The US online retailer, which was founded by Jeff Bezos in 1994, stated that their employees “always have” the option to join a union. However, in April, GMB initiated legal action against the company. The GMB union is accusing Amazon of unfair labour practices, alleging the company pressured staff to give up their union memberships. This legal action called an Inducement Claim, accuses Amazon of pressuring workers to give up their right to join a union and negotiate together for better pay, hours, and benefits.

This legal action follows the GMB’s successful vote to represent Amazon workers at a fulfilment centre. If the GMB’s claim is upheld, it would be the first time a union has gained recognition to bargain for Amazon workers on pay, hours, and holidays outside the United States.

UK Amazon
Image Source GMB

The claims include that Amazon has:

  • Pressured staff to leave the union. Company bosses have erected QR codes in Amazon fulfilment centres, which generate an email to the union’s membership department requesting that membership be cancelled.
  • Forced workers to attend hour-long anti-union seminars. Led by senior company managers, these briefings forced workers to listen to anti-union messages during work time.
  • Displayed anti-union messages throughout Amazon workplaces, including on billboards and screens.
  • Bullied and intimidated union representatives amongst Amazon staff.

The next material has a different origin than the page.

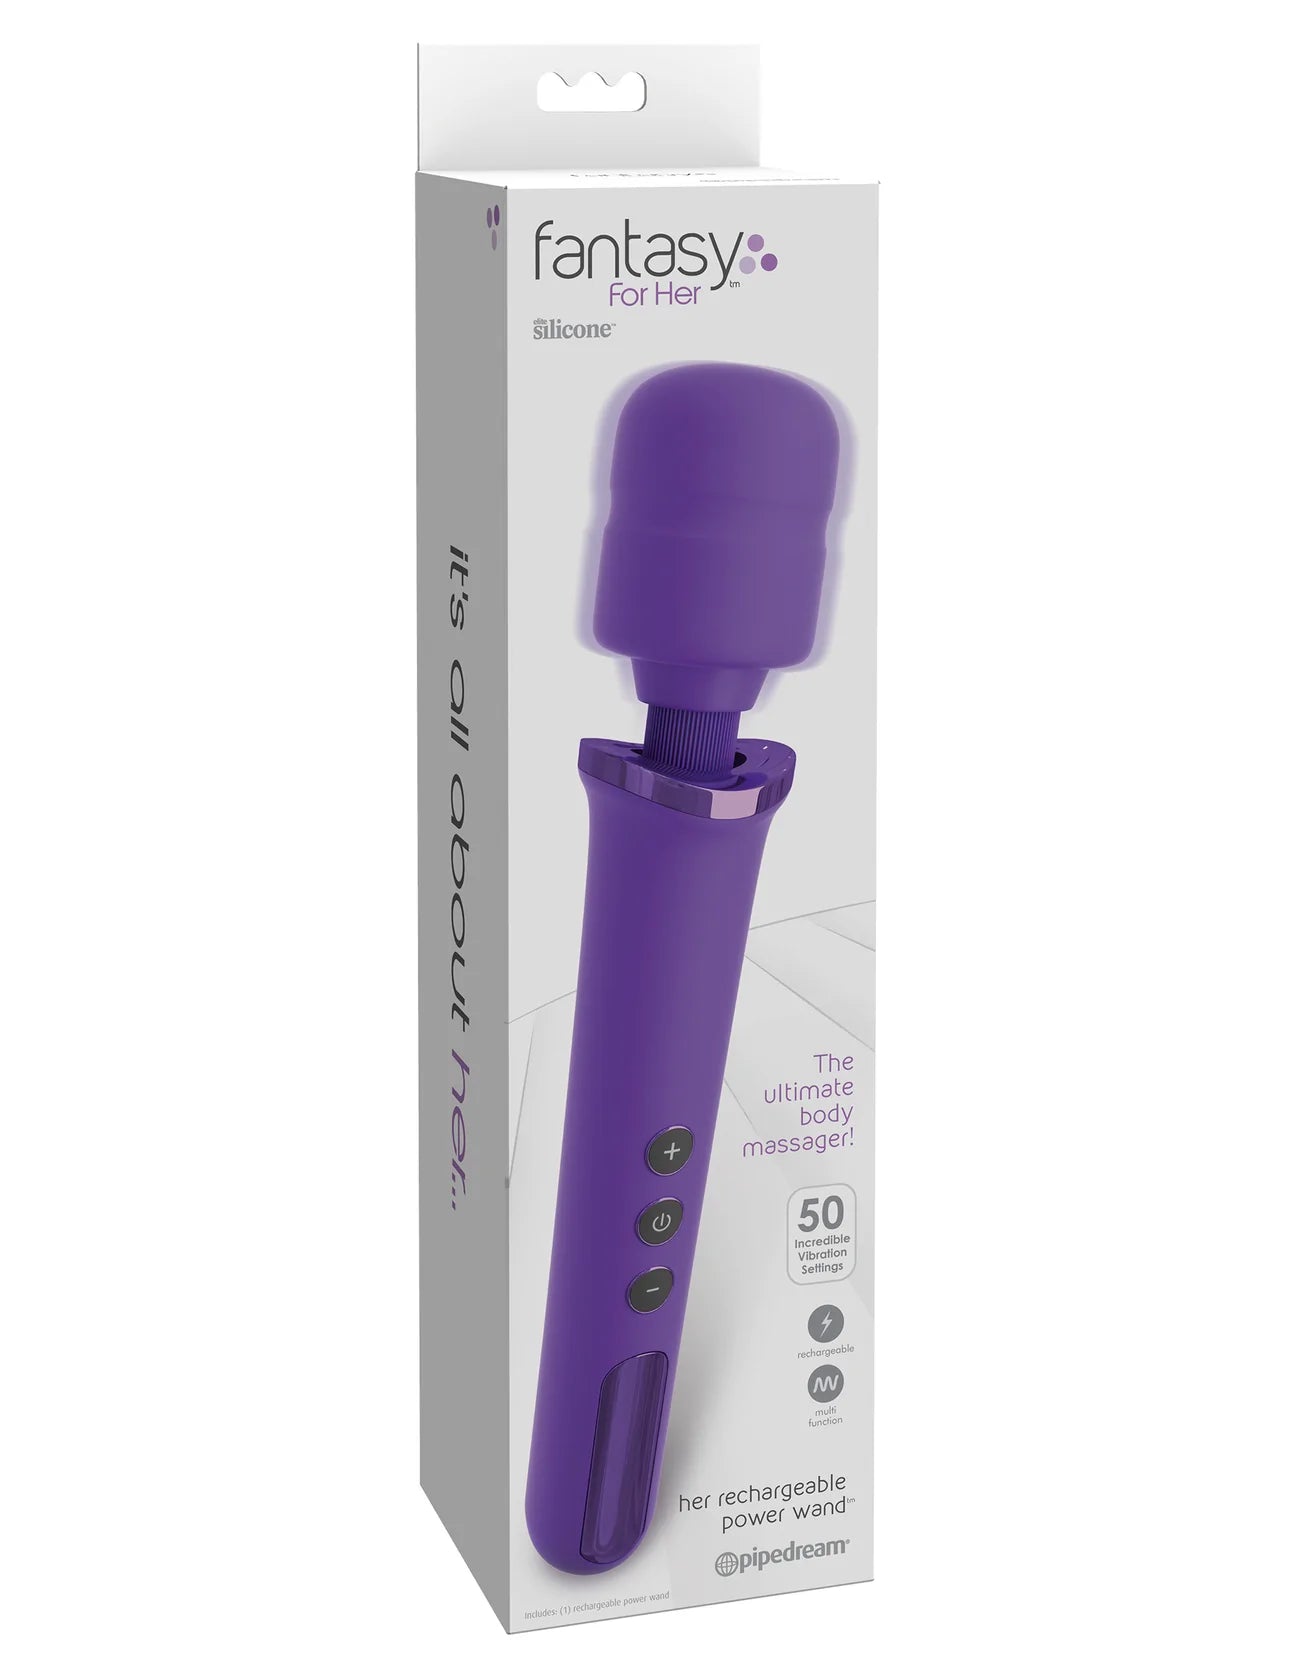 Fantasy For Her Power Wand

GMB Prepares for Potential Pushback from Amazon Ahead of Vote

The GMB union’s fight to represent Amazon workers in Coventry nears its climax. After a decade-long struggle, a vote is scheduled for Monday where 3,000 workers will decide on GMB representation. This hard-won ballot follows an 18-month campaign that included strikes and protests and comes after the government granted union representatives access to the site. To amplify their message, the GMB will also hold protests at the firm’s sites in Warrington, Carlisle and Dartford, Kent, and outside their headquarters in London.

UK Amazon
Image Source PA Media

Tensions Rise Between Amazon and GMB Over Union Allegations

Amanda Gearing, GMB Senior Organiser, said:

“This is a company out of control. Amazon is a multi-billion-pound corporation doing everything in its power to stop minimum-wage workers from forming a union. Their latest American-style anti-union campaign proves they will stop at nothing to beat the rules that every other employer in the UK is expected to follow. It’s desperate measures and goes someway to show why Amazon workers as so determined to win the union recognition they deserve”.

A representative for Amazon stated to BBC, “Our employees have the choice of whether or not to join a union. They always have.”

The representative also noted that Amazon “regularly reviews” pay, adding: “Our minimum starting pay has increased to £12.30 and £13 per hour depending on location— a 20% increase over two years and 50% since 2018.

“We also work hard to provide great benefits, a positive work environment, and excellent career opportunities,” they added.

Image Source GMB

The ongoing dispute between Amazon and GMB highlights the tension between the company’s stance on unionisation and the union’s allegations of coercion. While Amazon asserts that it offers competitive pay, benefits, and the freedom for employees to join unions, GMB’s legal action underscores the union’s concerns about potential anti-union activities. This conflict reflects broader challenges in balancing corporate policies with workers’ rights in today’s labour landscape.